Hmac Signatures-Specific Remediation in Spring Boot — concrete code fixes
Remediation focuses on validating and bounding all inputs before they participate in Hmac computation, using constant-time comparison for signatures, and ensuring safe usage of cryptographic libraries. The following examples show a secure pattern for verifying Hmac Signatures in Spring Boot.

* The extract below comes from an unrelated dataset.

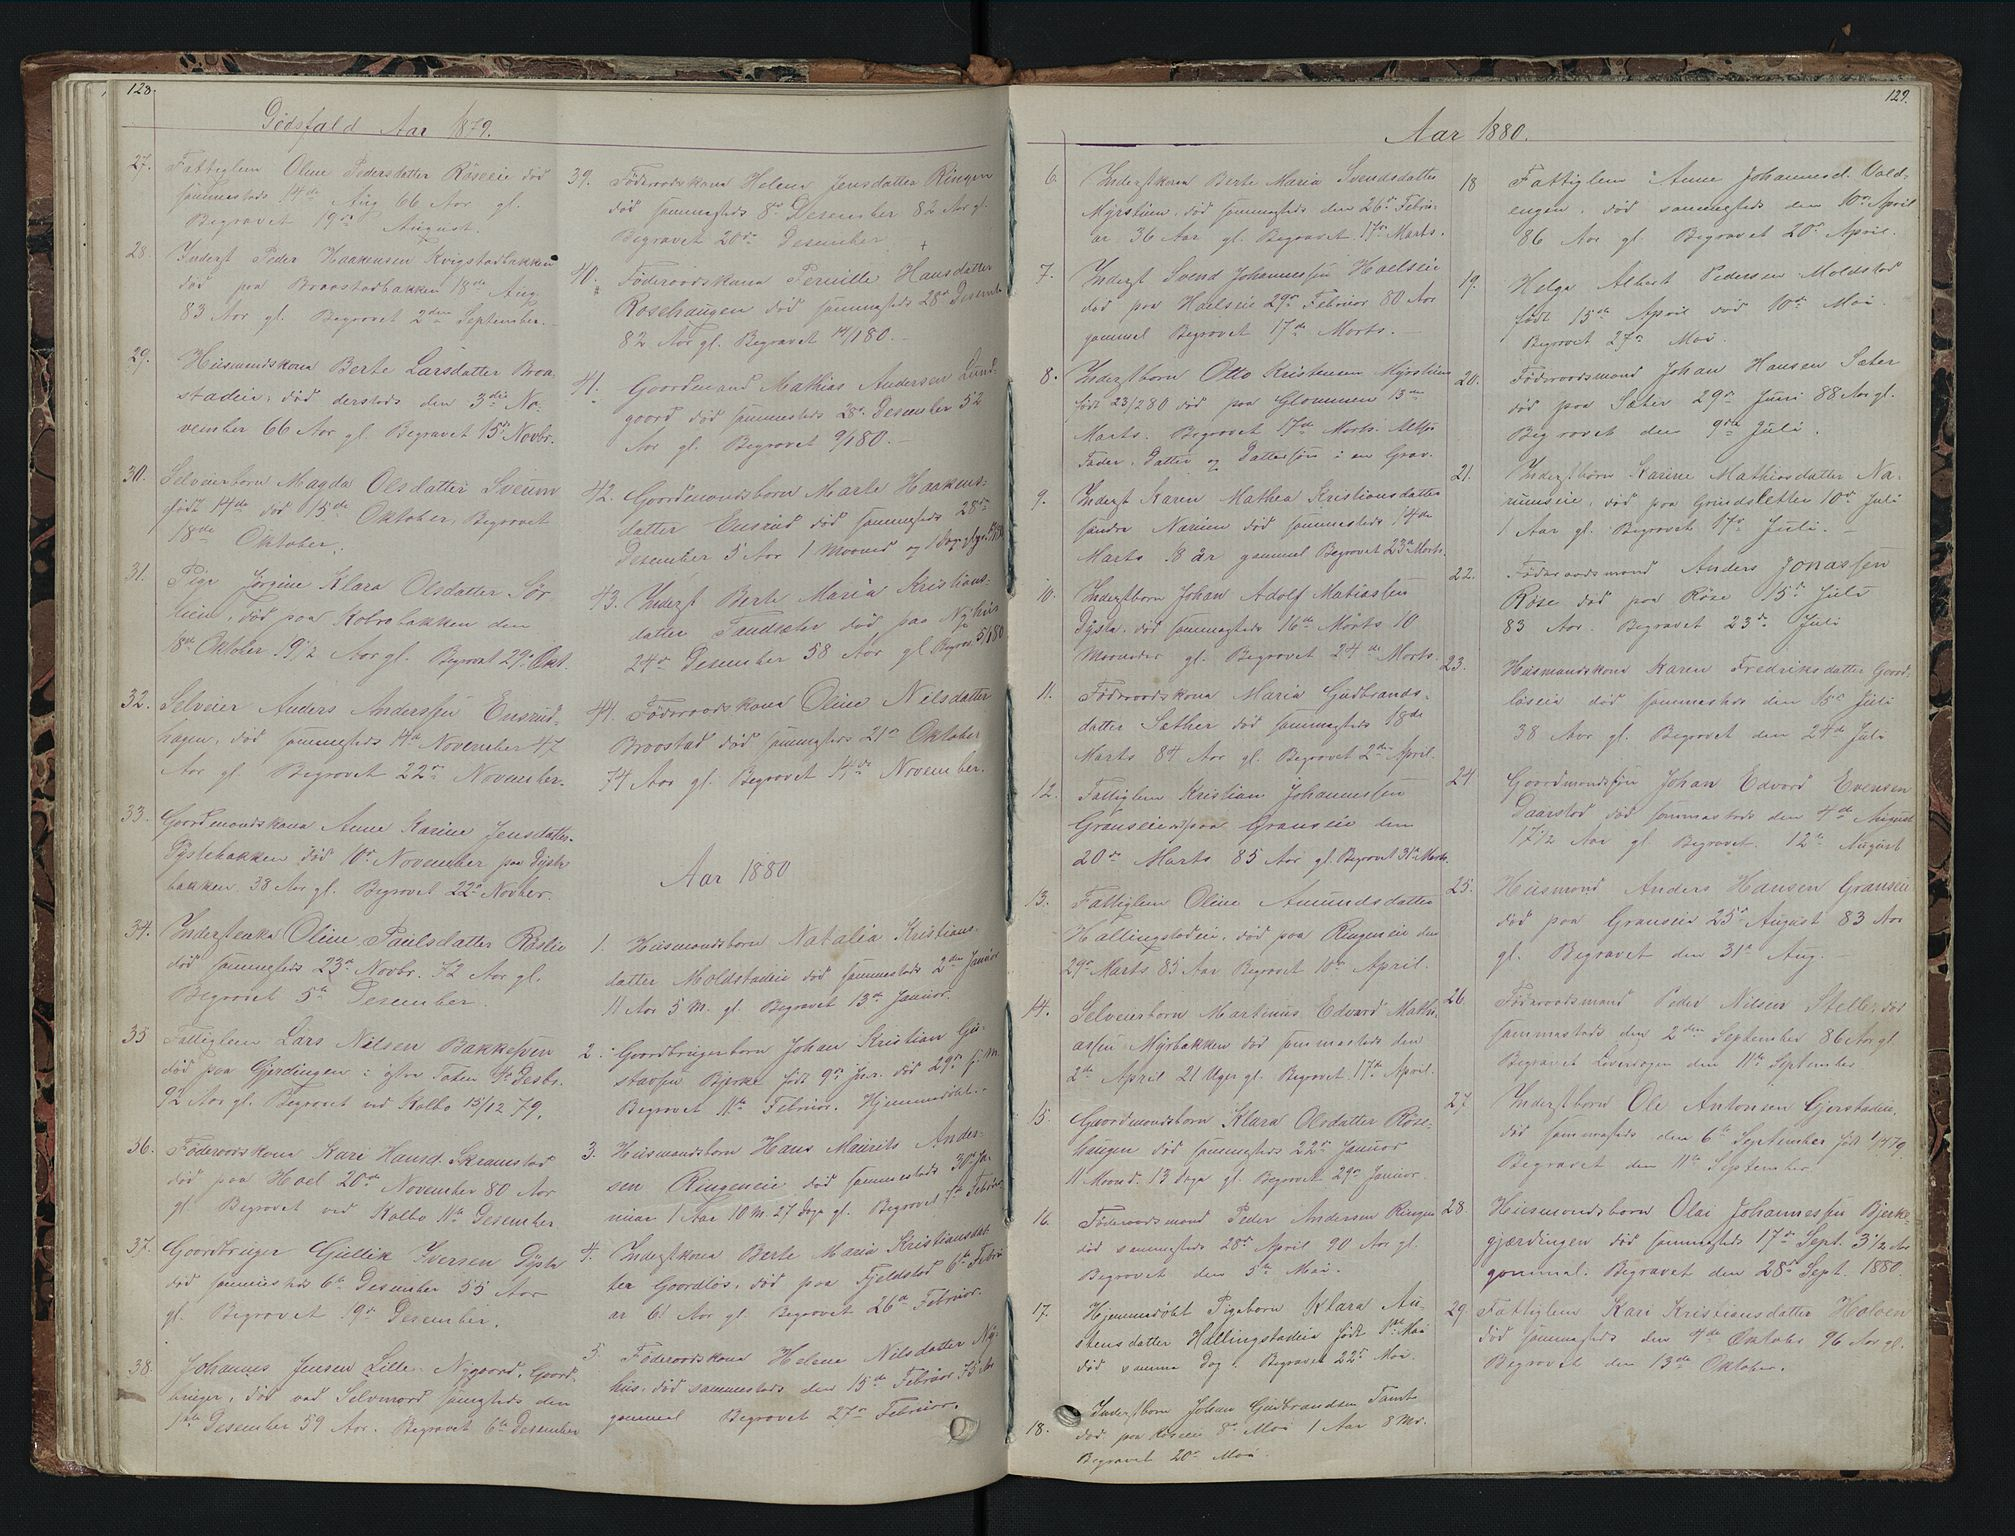 SAH, Vestre Toten prestekontor, H/Ha/Hab/L0007: Klokkerbok nr. 7, 1872-1900, s. 128-129

First, define a utility that computes and verifies Hmac safely:
import javax.crypto.Mac;
import javax.crypto.spec.SecretKeySpec;
import java.nio.charset.StandardCharsets;
import java.util.Base64;
import java.util.Arrays;
public class HmacUtil {
private static final String HMAC_ALGORITHM = "HmacSHA256";
public static String computeHmac(String data, String base64Secret) {
byte[] secretBytes = Base64.getDecoder().decode(base64Secret);
Mac mac = Mac.getInstance(HMAC_ALGORITHM);
mac.init(new SecretKeySpec(secretBytes, HMAC_ALGORITHM));
byte[] rawHmac = mac.doFinal(data.getBytes(StandardCharsets.UTF_8));
return Base64.getEncoder().encodeToString(rawHmac);
}
public static boolean verifyHmac(String data, String receivedSignature, String base64Secret) {
String computed = computeHmac(data, base64Secret);
return MessageDigest.isEqual(computed.getBytes(StandardCharsets.UTF_8),
receivedSignature.getBytes(StandardCharsets.UTF_8));
}
}
Second, in your controller, validate and bound the payload before using it in Hmac operations:
import org.springframework.http.ResponseEntity;
import org.springframework.web.bind.annotation.PostMapping;
import org.springframework.web.bind.annotation.RequestBody;
import org.springframework.web.bind.annotation.RequestHeader;
import org.springframework.web.bind.annotation.RestController;
@RestController
public class OrderController {
private static final int MAX_BODY_LENGTH = 1024 * 256; // 256 KB
@PostMapping("/order")
public ResponseEntity createOrder(
@RequestBody byte[] rawBody,
@RequestHeader("X-Signature") String signatureHeader) {
if (rawBody.length > MAX_BODY_LENGTH) {
return ResponseEntity.badRequest().body("Payload too large");
}
String data = new String(rawBody, StandardCharsets.UTF_8);
String secret = System.getenv("HMAC_SECRET"); // securely injected
if (!HmacUtil.verifyHmac(data, signatureHeader, secret)) {
return ResponseEntity.status(401).body("Invalid signature");
}
// process verified data
return ResponseEntity.ok("Accepted");
}
}
Key practices reflected in these examples:
- Bound input length before processing to avoid resource exhaustion.
- Use
MessageDigest.isEqualfor constant-time signature comparison to prevent timing attacks. - Decode secret from a secure source and use strong algorithms like HmacSHA256.
- Reject payloads that exceed a reasonable size rather than processing them incrementally in a way that may trigger native memory issues.
middleBrick’s scans validate these patterns by checking the Encryption and Unsafe Consumption findings, ensuring that Hmac implementations avoid weak algorithms, unsafe deserialization, and unbounded input handling.